Wildes, the co-owner of Rich In Dallas, was one of the trainers for the 50 or 60 horses that were used in “Seabiscuit.” Ten horses were used to play Seabiscuit. Wildes said that after the filmmakers gave him Rich In Dallas when filming ended, he sent him to Curley Ortiz at Los Alamitos, which runs mostly quarter horse races.
Rich In Dallas won only one race in 2003-04, but finished in the money six times. Lifetime he had six wins, 10 seconds and 12 thirds in 69 starts, with purses of $73,946. Ortiz said Rich In Dallas, not good enough to run at Santa Anita, didn’t fit the shorter distances that Los Alamitos runs for thoroughbreds.
“He would have been better,” Ortiz said, “at a place like Turfway Park,” the track in Florence, Ky., where Rich In Dallas raced earlier in his career.
“I’ll miss him,” he said. “He ran his heart out every time.”
Wildes, 57, has mixed feelings about losing Rich In Dallas. He has spent many years doctoring problem horses. Wildes said he worked on Sligo Bay before he won the 2002 Hollywood Turf Cup.
In recent months, Wildes, who lives in Whittier, has been in need of doctors himself. A spinal condition that required surgery last November hospitalized him for three months. On Saturday night, he needed Ortiz’s help and a cane to navigate the Los Alamitos grandstand, where he watched Rich In Dallas’ final race. Wildes had been in contact with McEvoy on the phone and suspected that a claim for the horse would be forthcoming.
“That’s cool that he’s going to have a good home,” Wildes said. “That’s great. He has been my only source of income lately, but I’ll just have to move on. I hope to get a license and start training a few horses at Santa Anita.”
Last fall, for publicity appearances, Wildes loaned Rich In Dallas to the National Horse Show in New York. That’s where McEvoy, who was doing publicity for the show, first saw him.

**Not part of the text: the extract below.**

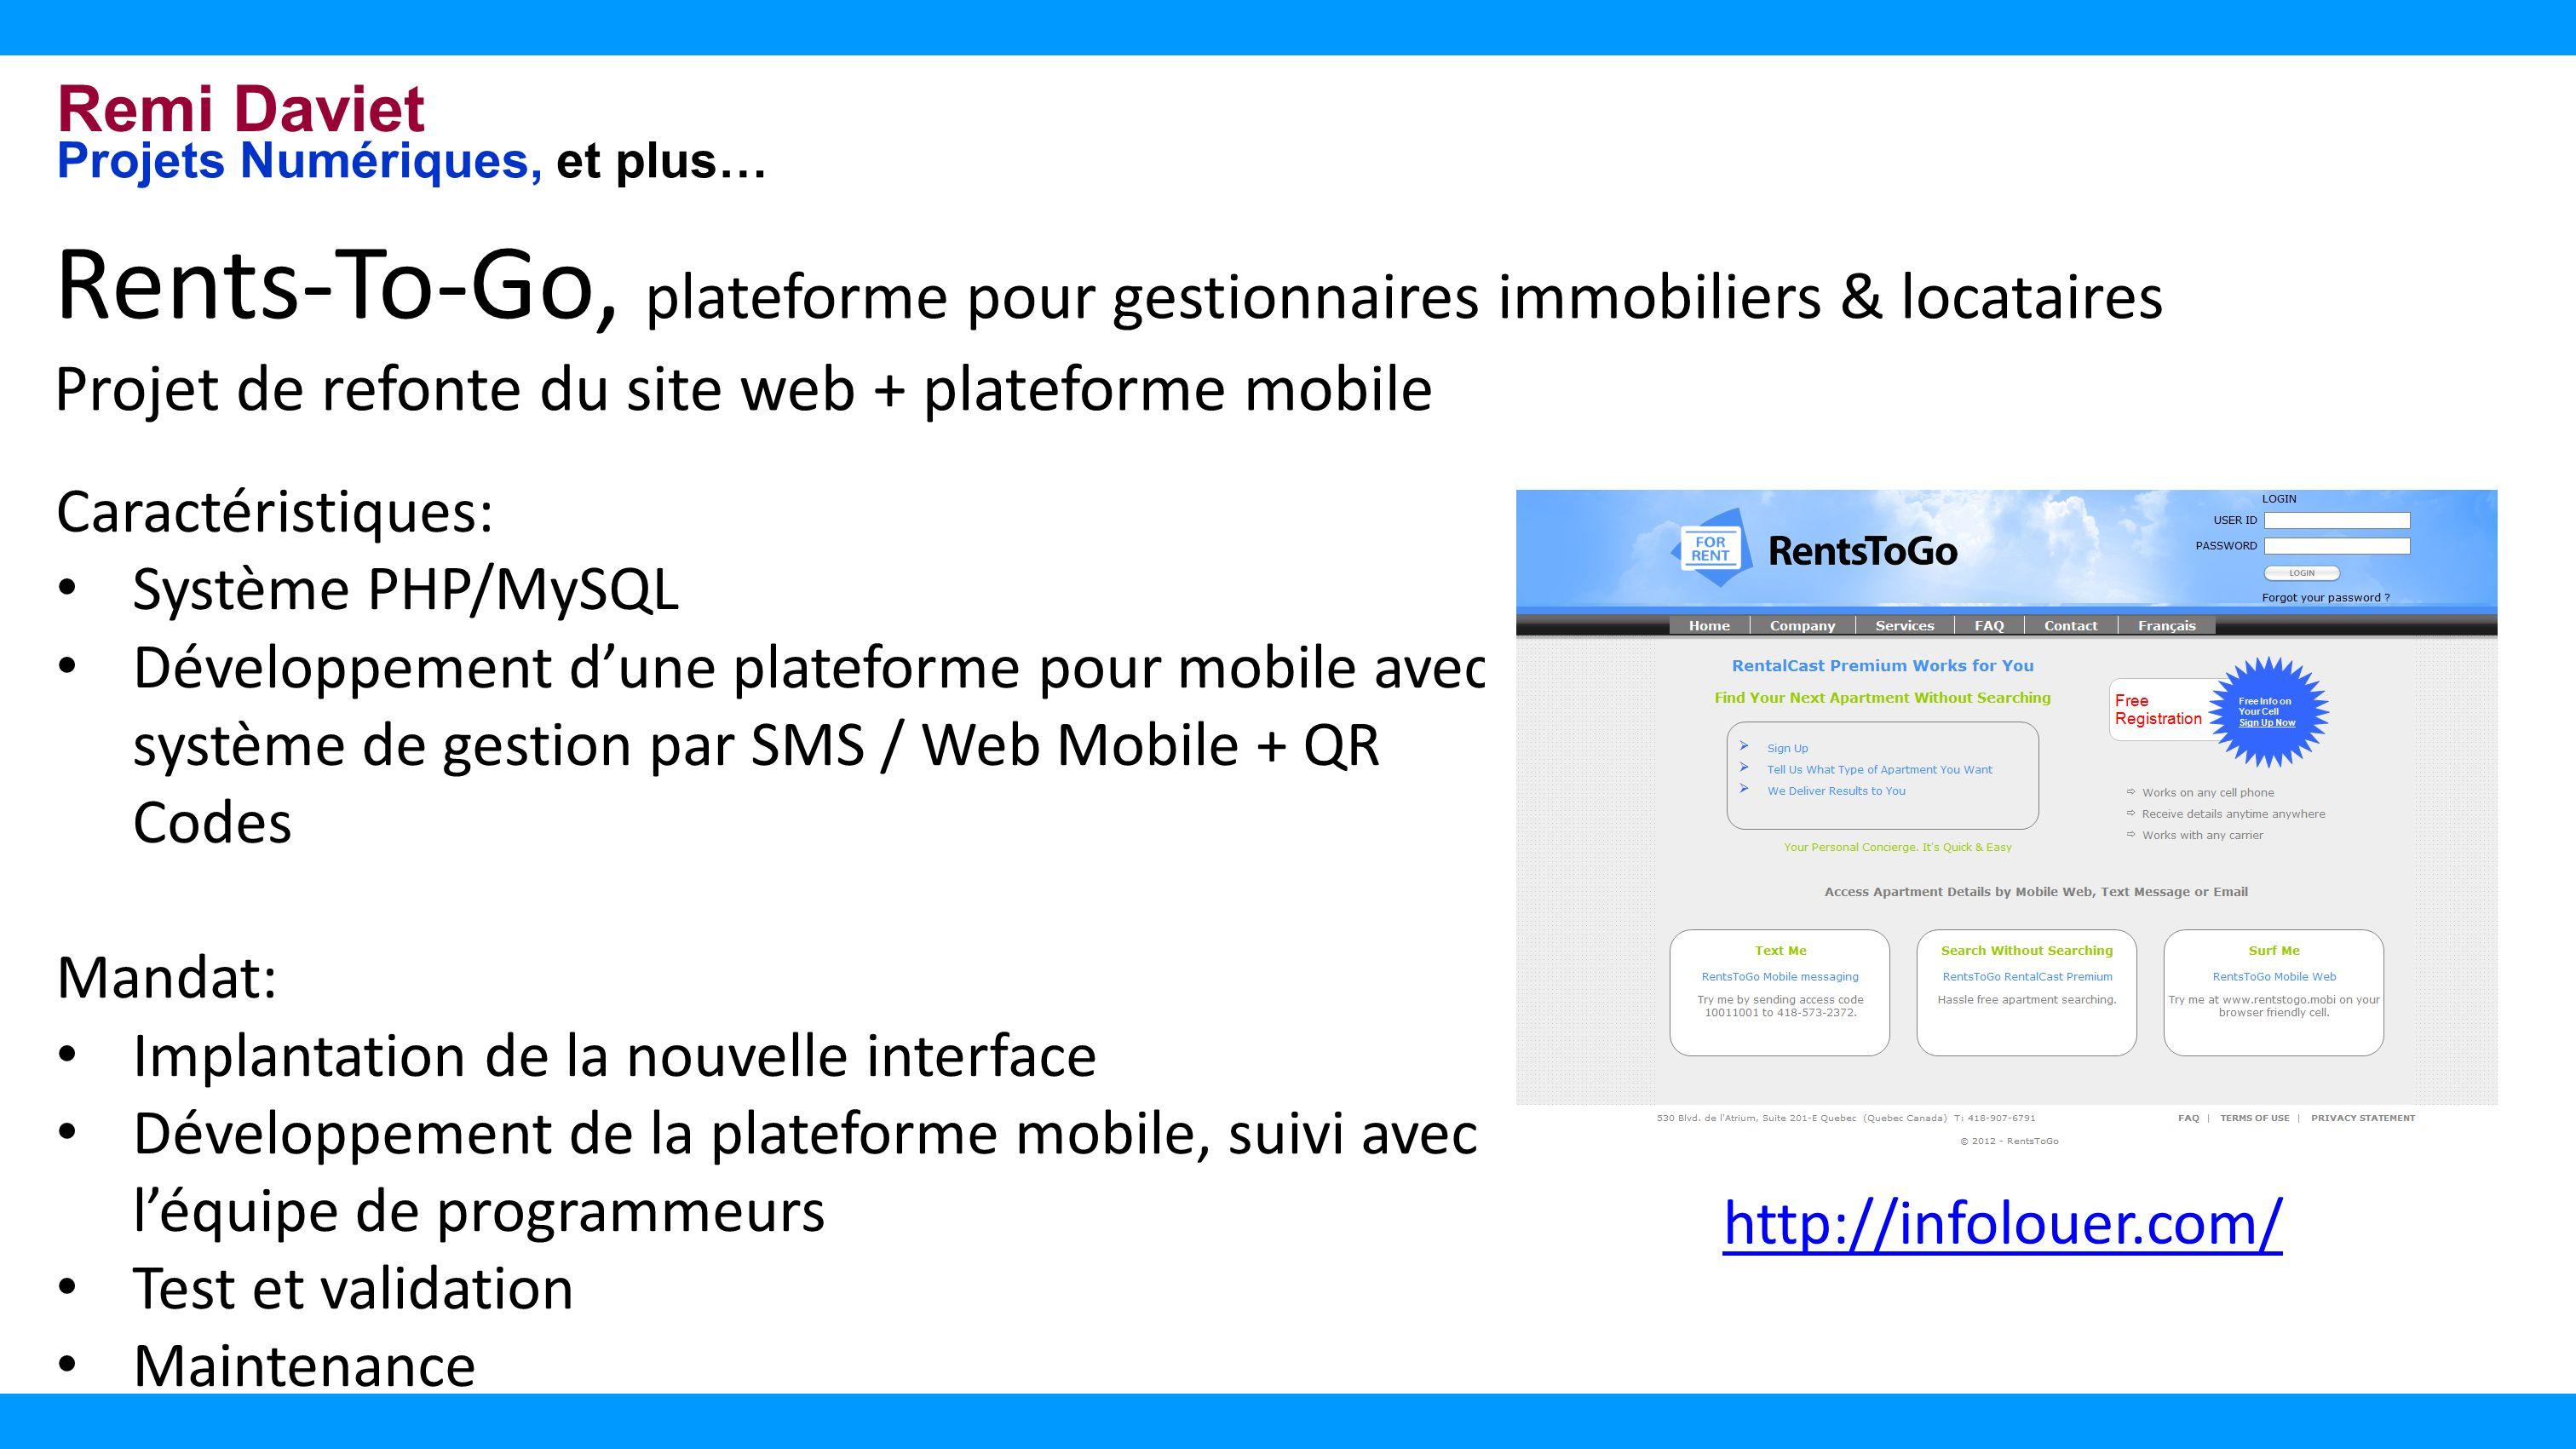 Remi Daviet Projets Numériques, et plus… Rents-To-Go, plateforme pour gestionnaires immobiliers & locataires Projet de refonte du site web + plateforme mobile Caractéristiques: Système PHP/MySQL Développement dune plateforme pour mobile avec système de gestion par SMS / Web Mobile + QR Codes Mandat: Implantation de la nouvelle interface Développement de la plateforme mobile, suivi avec léquipe de programmeurs Test et validation Maintenance http://infolouer.com/

“Angel Cordero [the retired Hall of Fame jockey] and [jockey] Richard Migliore rode him,” said McEvoy. “The kids just loved him. They’d feed him peppermints, and he’d wait patiently until they got the cellophane off the candy. He’s such a sweet horse.”
At Los Alamitos on Sunday, word circulated that Gomez, if only temporarily, had “the Seabiscuit horse” in his barn. Someone called with an offer to buy Rich In Dallas for $10,000.
“Oh, no,” Gomez said. “I’d get shot if I did that.”